Real-life or industry problem is everywhere it’s quite obvious we have to solve them to improve ourselves and for the team and group. Problem-solving is a skill, it needs different approaches in different conditions. For only one product or one type of service, for a manufacturing setup, new market entry, everything always faces some kind of problem in regular intervals. Even in every problem, there are some hidden problems too. Sometimes we didn’t face those problems and sometimes we do. So, in particular, any part of that kind of known or unknown problem arises then the hypothesis analysis problem-solving approach heavily relies on it.
Hypothesis:
The hypothesis analysis is breaking a particular problem into several parts and if the solution doesn’t come therefore again segment those parts into several subparts until we get the solution of that subparts. After that apply the bottom-up approach, this is the sort summary of the hypothesis analysis problem-solving approach.
Problem solving:
If we differentiate those problems then we could separate problems into two parts.
- Technical problems
- Non-technical problems
Technical problems are related to technology like UI/UX problems, database problems, coding errors, bug fixing, analytical mistakes, etc.
In non-technology is closely related to business and management-related like manpower problems, financial issues, governance structural problems, business model problems, recruitment problems, cost problems, revenue issues, sales problems, new market issues, leadership problems, etc.
Keynote: Sometimes some problems have both technical and non-technical problems. We, Framysis call it an inter-connected or co-related problem. In this case, obviously, the problem-solving approach is helpful.

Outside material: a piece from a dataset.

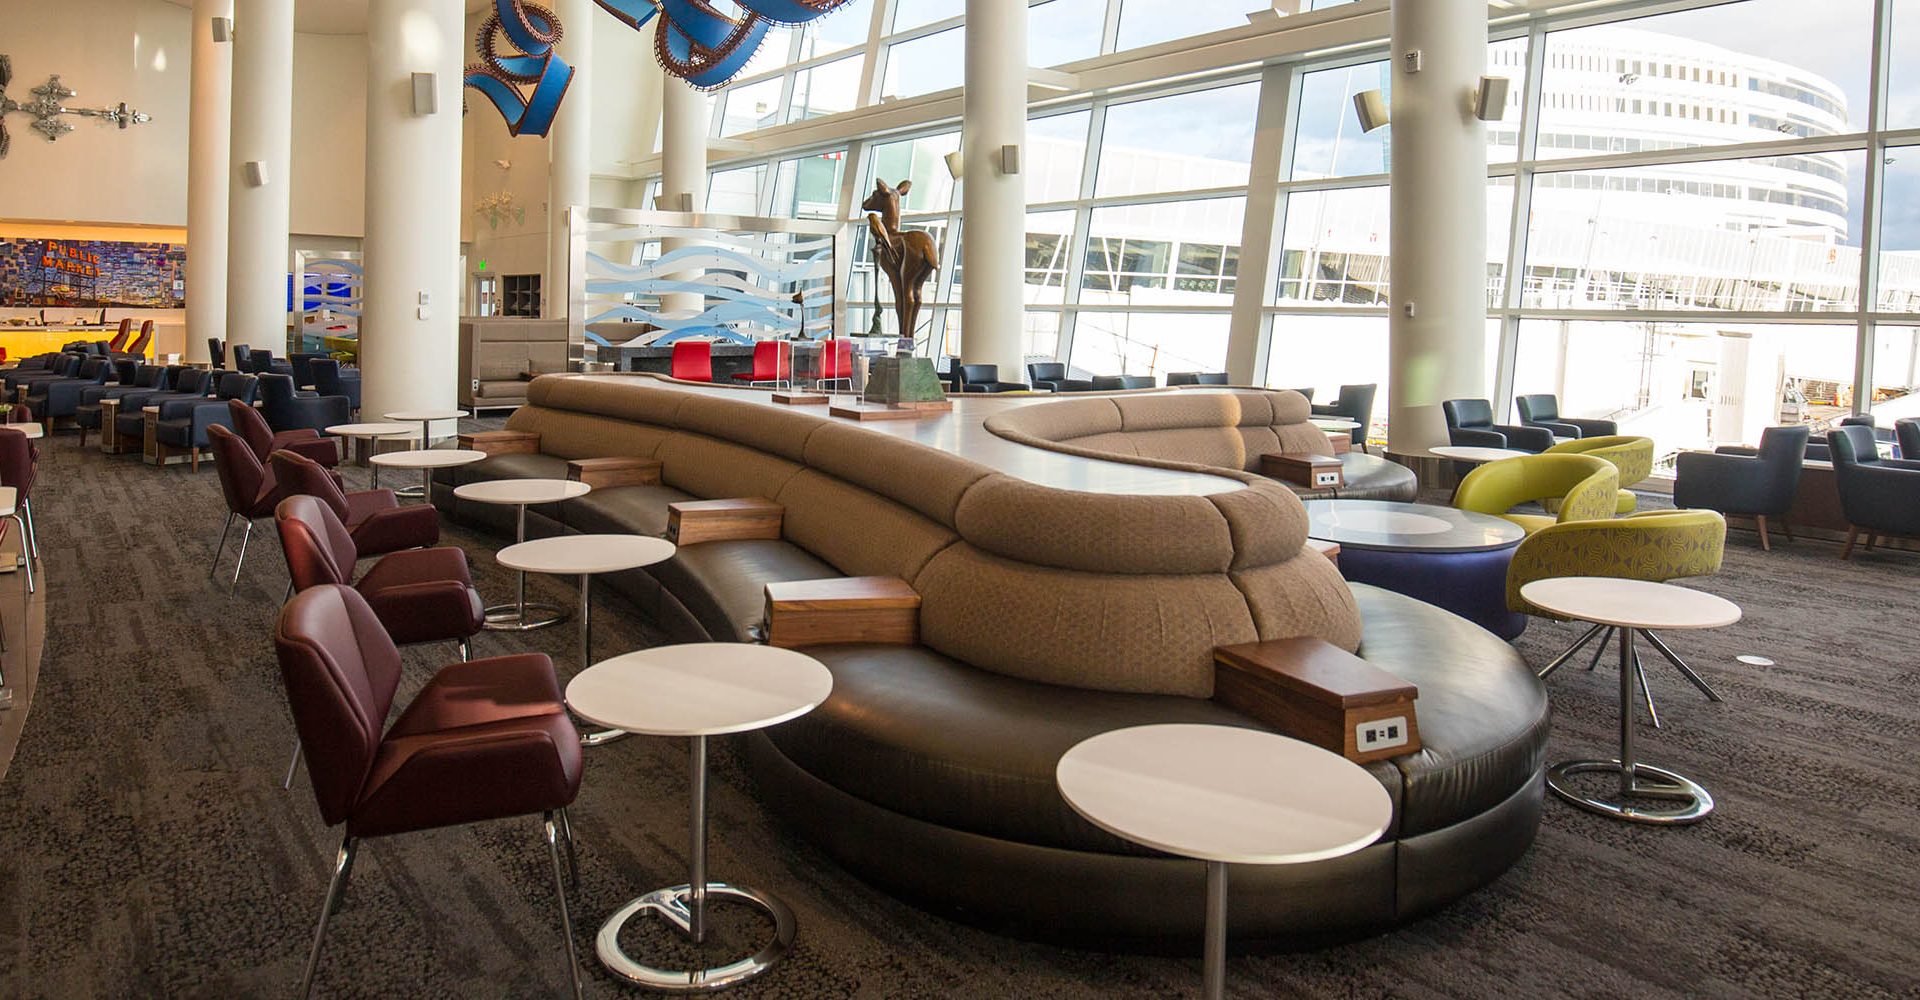 How To Get Into The Delta Sky Club Before Your Flight Nerdwallet

Identification through the Hypothesis analysis problem-solving approach
The hypothesis is obviously a step-by-step process. We gonna describe the few steps of this process
First step,
Firstly we have to listen to the problem carefully, sometimes read the problem carefully, then try to do a simple analysis.
Second step,
Then we have to understand which side-based problem is that. It’s an assumption. So, the assumption may not be right in the next sub-part but we can guess and assume that.
Third step,
Based on those assumptions and parts we have to make sub-part only when that part is unsolved or can’t predict the solution.
Fourth step,
Analyze each and every sub-part with proper equation and accurate calculation. After the calculation, it shows that the sub-part has no problem then okay go for others. Then gradually go to the upside of the branches and calculate again.